The only time we ever see older women advertising products is when it is especially for them - for example stairlifts, over 60s life insurance, baths for the elderly, toffee, etc. But that is still a rarity, as how many times do you see pensioners on the covers of magazines aimed at that exact target group? In awful newspaper supplements which have adverts for thermal undies, elderly women's nightgowns, etc - how many are actually modelled by women who look over 45? Not many.

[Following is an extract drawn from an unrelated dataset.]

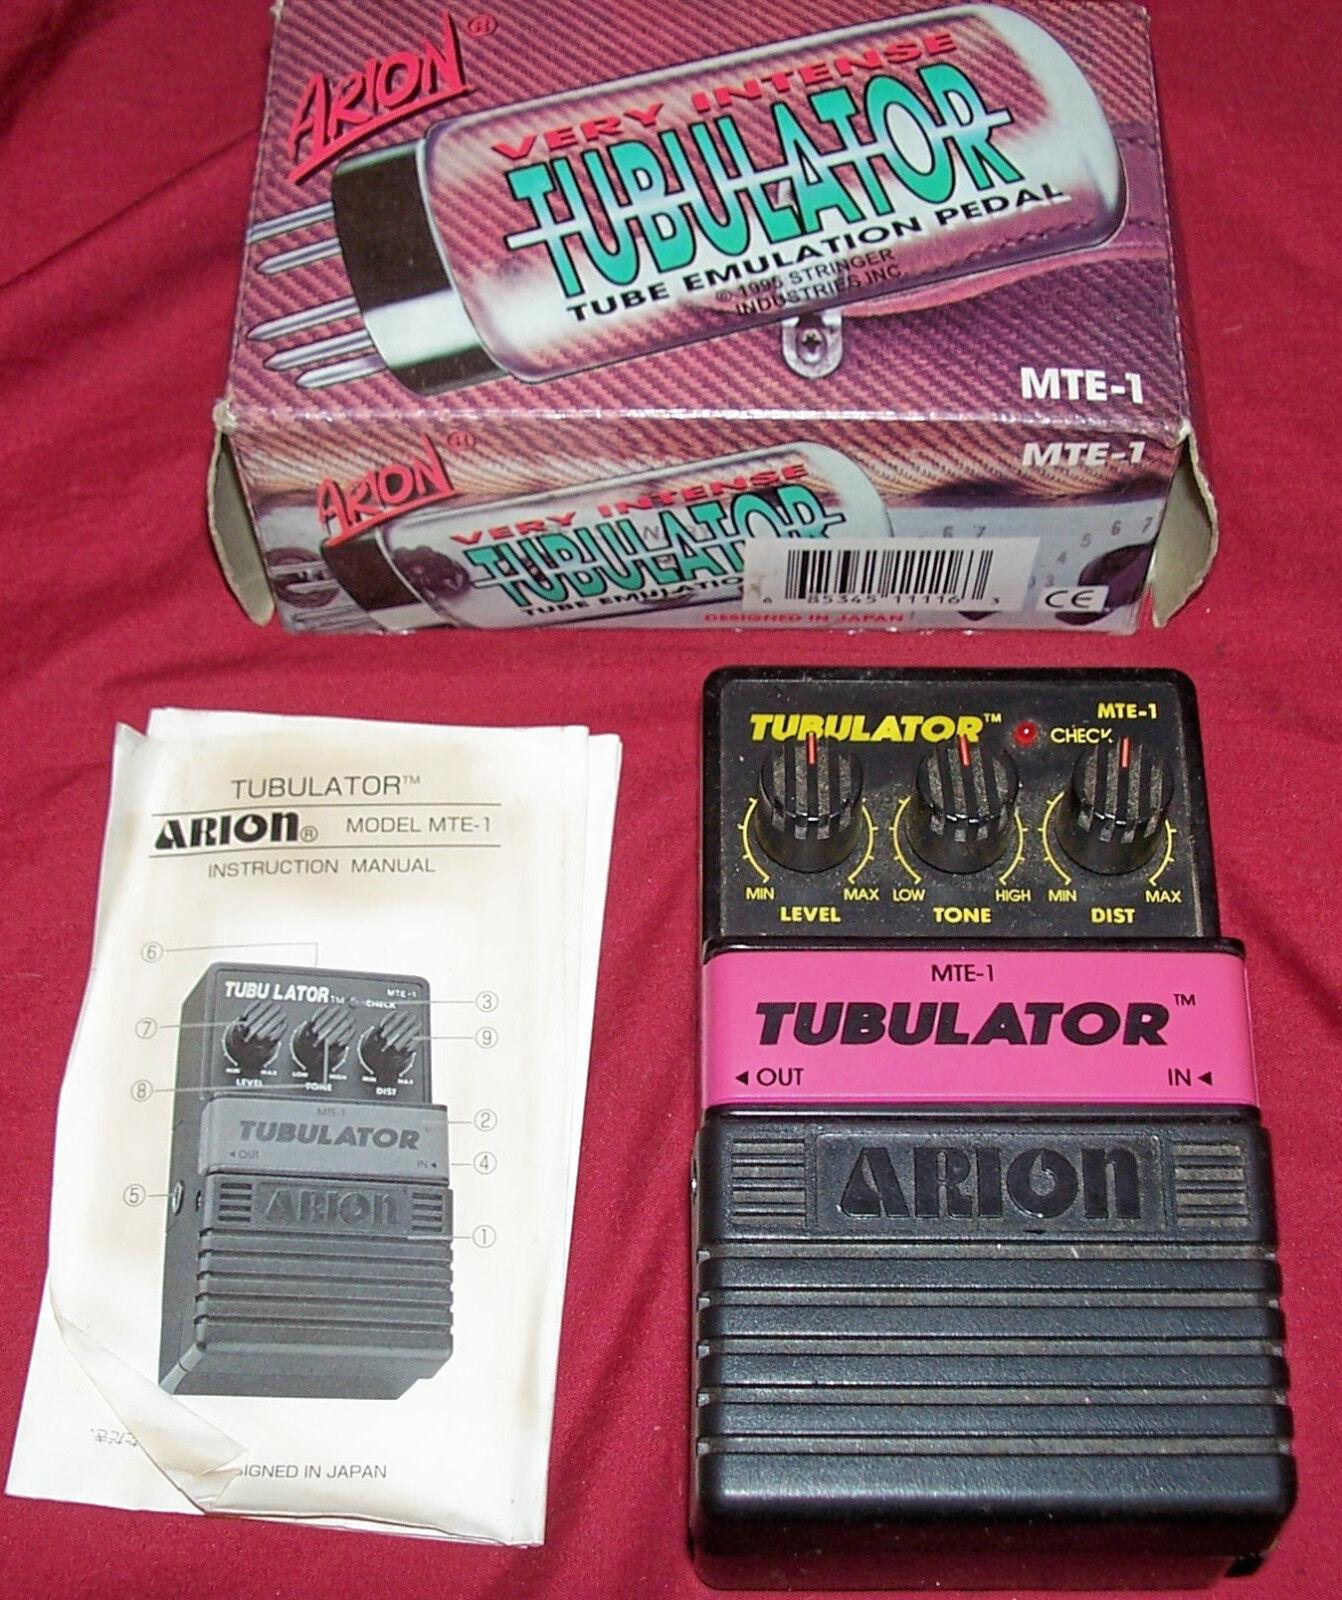 Alte Effekte Pedal Arion Tubulator Tube Emulation MTE-1 Electric Guitar Vintage

If it wasn't for the fact that I know that over 65s in the UK make up a whopping 16% of the population, then - judging by what the media tells us - I'd think we'd all gone a bit Logan's Run.

Monday, November 21, 2005

One Of Those Days

Every now and then I find myself in one of those days where it seems there is no hope left. On Saturday I went into one of my beloved Oxfam bookshops in Shrewsbury and found a book entitled What's Right With Feminism by Elaine Storkey. I'm broke, but it was only a pound so I thought I'd "treat myself". I then looked inside at the book's title on the first page to see that someone had scrawled "NOT MUCH." underneath "What's Right With Feminism". It was in the same handwriting and pencil as the price above, so I can only assume it was doings of one of the staff (predominately middle-aged women). I fumed! Not only had I been insulted regarding my choice of book and beliefs, but I had been insulted by someone trying to sell me the bloody item! So it wasn’t just rude, but incredibly unprofessional and not at all business-like. I felt like pointing out that if it hadn't have been for feminism then these women would not even have jobs! Fool that I am, I didn't complain. Mainly because the queue for paying was taking forever and my patience was waning. Following that, I then went into a BHS branch to be aggravated further. In the gift section I found a "joke" device (some sort of mirror to attach to a man's shoe) for use in order to look up the skirts of passing women. Yes, because sexual harassment is incredibly comical! If I ever want a good laugh then the first thing I always think of is how funny those guys are who leer at women, harass them in the street, make lewd suggestions and rape them! Nothing funnier! My boyfriend pointed out that they may as well be selling sets advertised as "The Handy Travel Rape Kit". I just can't understand how it would be an entertaining and witty gift and - moreover - I can't comprehend how BHS would even consider selling such an item. But then, after WHSmith and the Playboy kid’s stationary, perhaps nothing should surprise me. We then went back to my boyfriend's house to find the girlfriend of one of his housemates ironing two huge piles of his t-shirts. I could understand if the girl was doing him a favour due to him being ill or busy, but he was just dicking about upstairs with friends. All she did was slave away and sigh. Sometimes you just feel as though you are the only one who actually sees the injustices in life.